Three US-based academics – Daron Acemoglu, Simon Johnson and James A. Robinson – have won the 2024 Nobel Economics Prize, “for studies of how institutions are formed and affect prosperity”, the Royal Swedish Academy of Sciences said on Monday, October 14.
Acemoglu and Johnson work at the Massachusetts Institute of Technology and Robinson at the University of Chicago.
The professors have researched the connection between the societal institutions created by colonisers and the current state of wealth inequality among countries across the globe.
“Reducing the vast differences in income between countries is one of our time’s greatest challenges,” Jakob Svensson, Chair of the Committee for the Prize in Economic Sciences, said in a statement . “The laureates have demonstrated the importance of societal institutions for achieving this.”

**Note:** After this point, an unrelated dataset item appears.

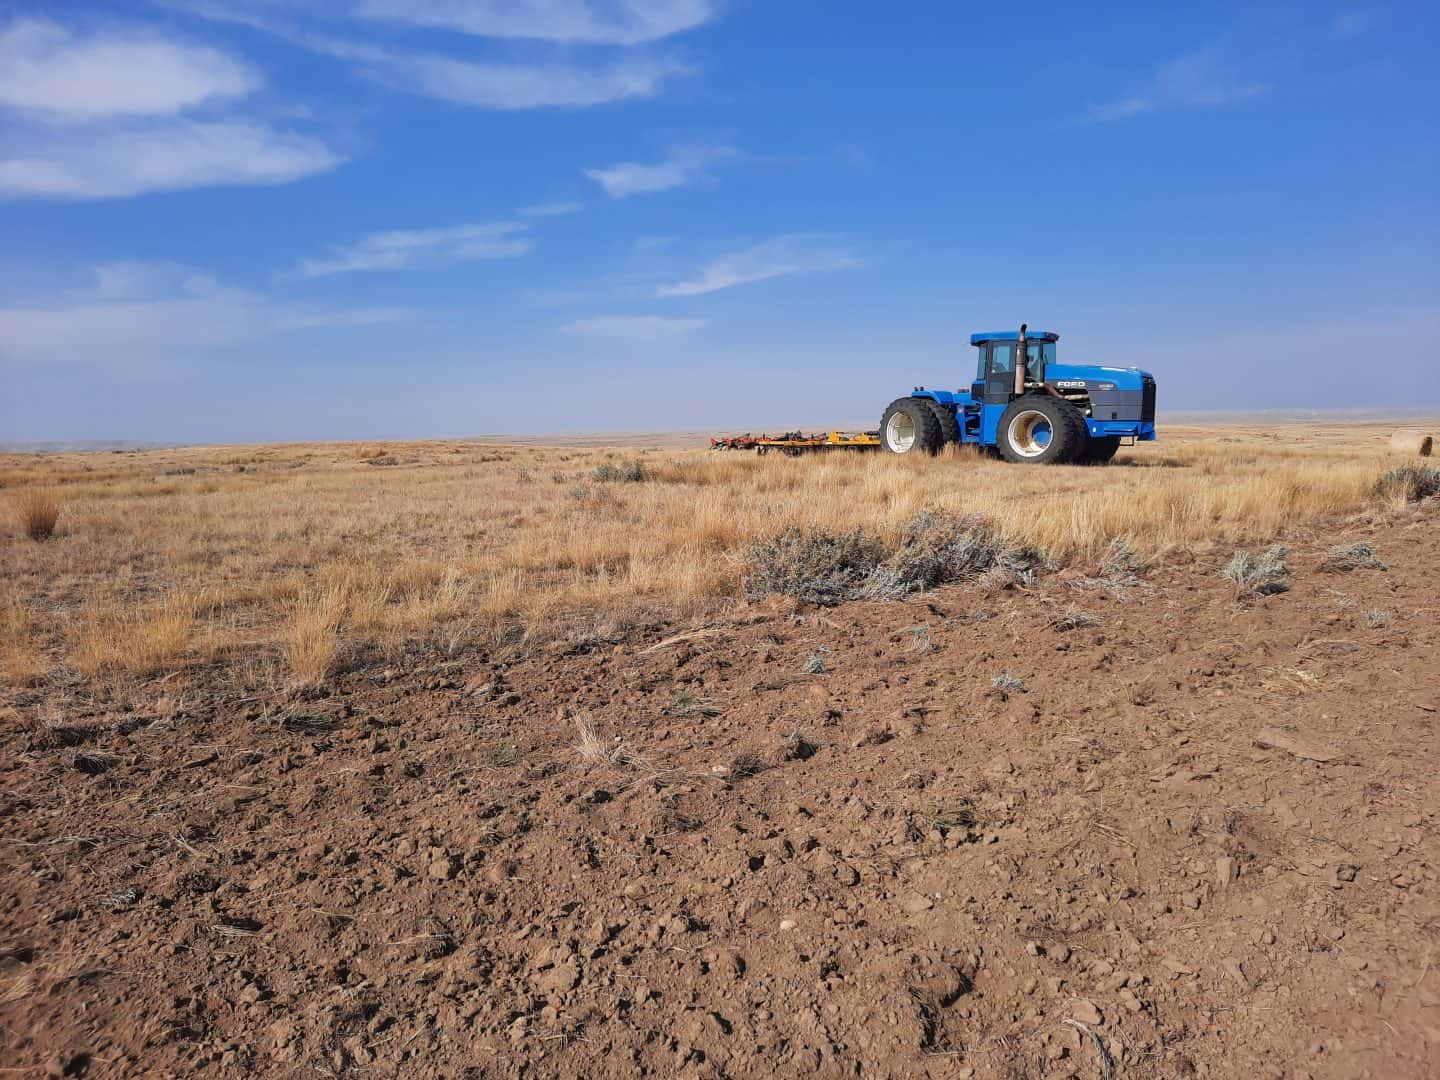 Image of tractor between plowed up field and native rangeland.

The colonists set up institutions which ultimately benefited themselves. “The aim, in some places, was to exploit the indigenous population and extract resources for the colonisers’ benefit,” the statement reads, attributing to the research. “In others, the colonisers formed inclusive political and economic systems for the long term benefit of European migrants.”

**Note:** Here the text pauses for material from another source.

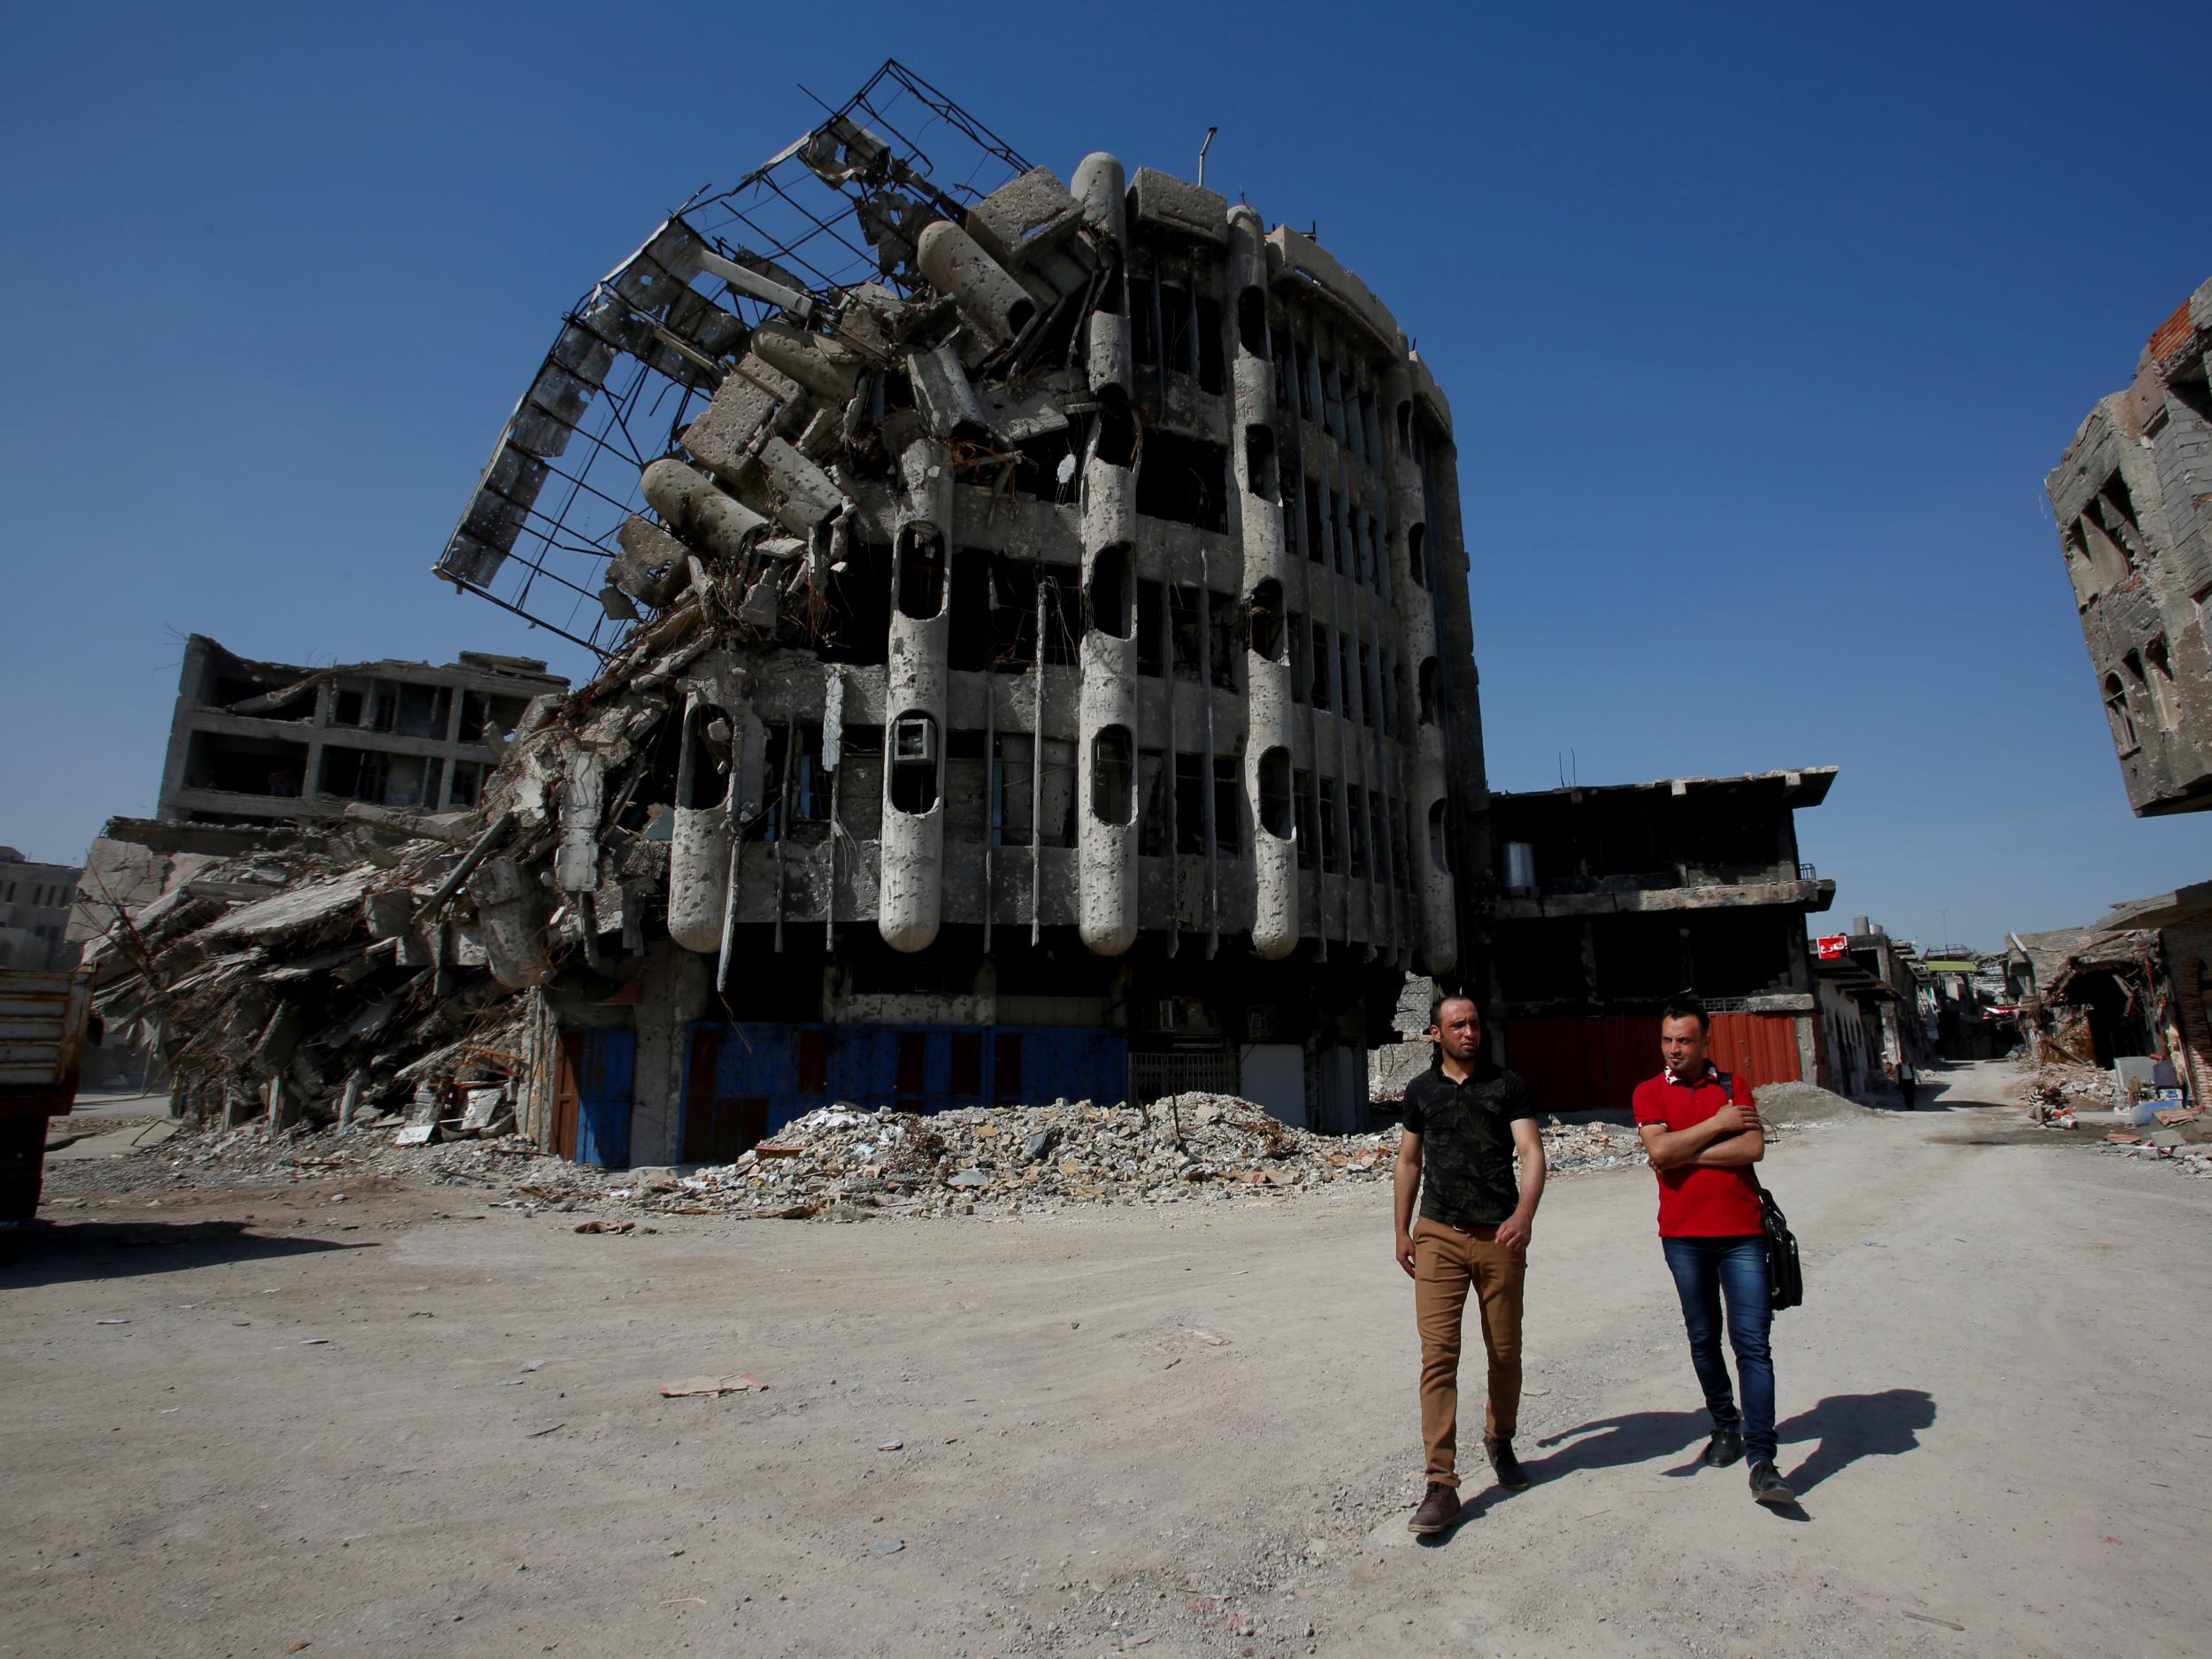 A damaged building in Mosul testifies to violence that continues to dog the country

The laureates have argued that such institutions can be one of the reasons not only for differences in countries’ prosperity, but in reversal of their fortunes before and after being colonised as well. While inclusive institutions would create long-term benefits for everyone, some countries have become trapped in the extractive institutions which only provide short-term gains for the people in power.

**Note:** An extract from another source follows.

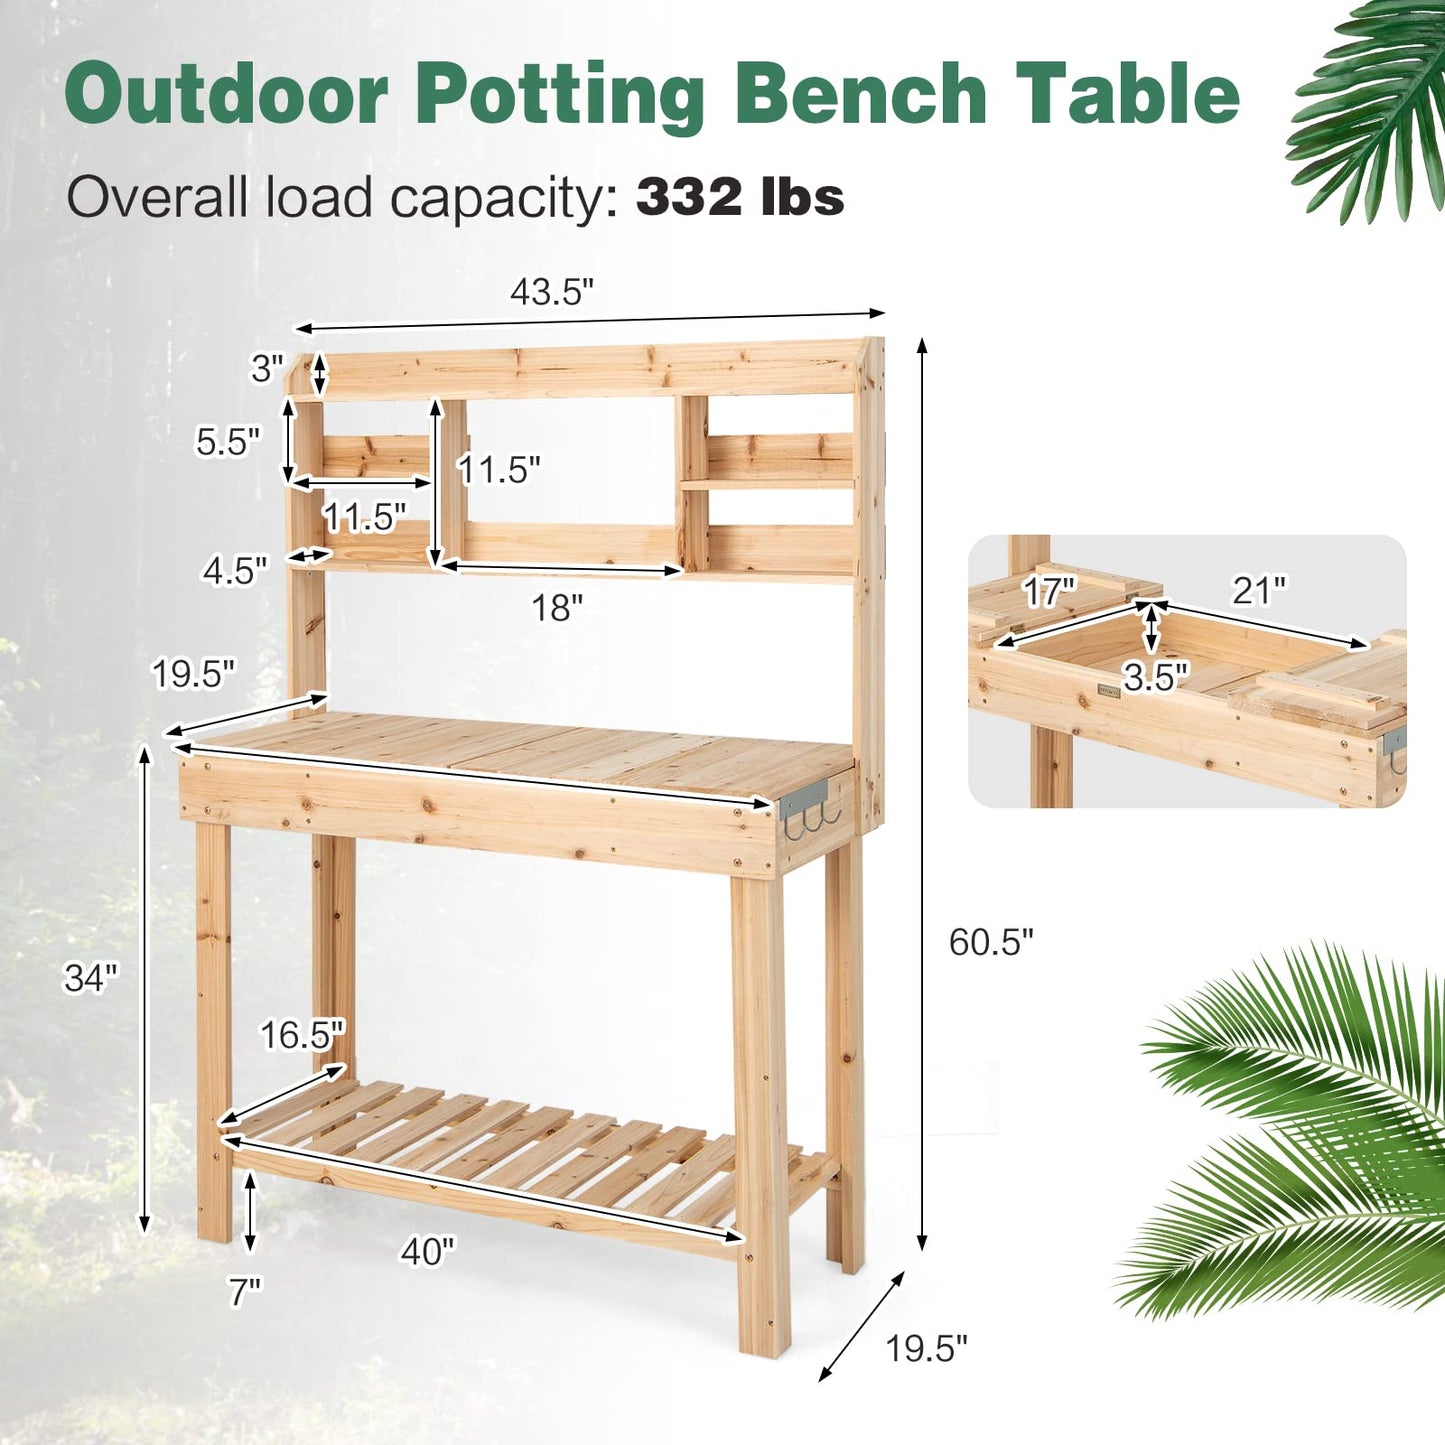 HAPPYGRILL Potting Bench Table, 60.5” Wood Workstation Workbench Table with Flip-Up Tabletop, Shelves & Hanging Hooks, Outdoor Flowerpot Bench,

Born 1967 in Istanbul, Turkey, Acemoglu is a PhD from London School of Economics and Political Science.
Similarly, Johnson, who was born in 1963 in Sheffield, UK, is a PhD from Massachusetts Institute of Technology.
And, the oldest among the three, Robinson, who was born 1960 is a PhD from Yale University.
The economics prize wraps up this year’s Nobel season, which honoured achievements in artificial intelligence for the physics and chemistry prizes, while the Peace Prize went to Japanese group Nihon Hidankyo, committed to fighting nuclear weapons.
South Korea's Han Kan won the literature prize -- the only woman laureate this year -- while the medicine prize lauded discoveries in understanding gene regulation.
The Nobel Prizes consist of a diploma, a gold medal and a one-million-dollar lump sum.
They will be presented at ceremonies in Stockholm and Oslo on December 10, the anniversary of the 1896 death of scientist and prize creator Alfred Nobel.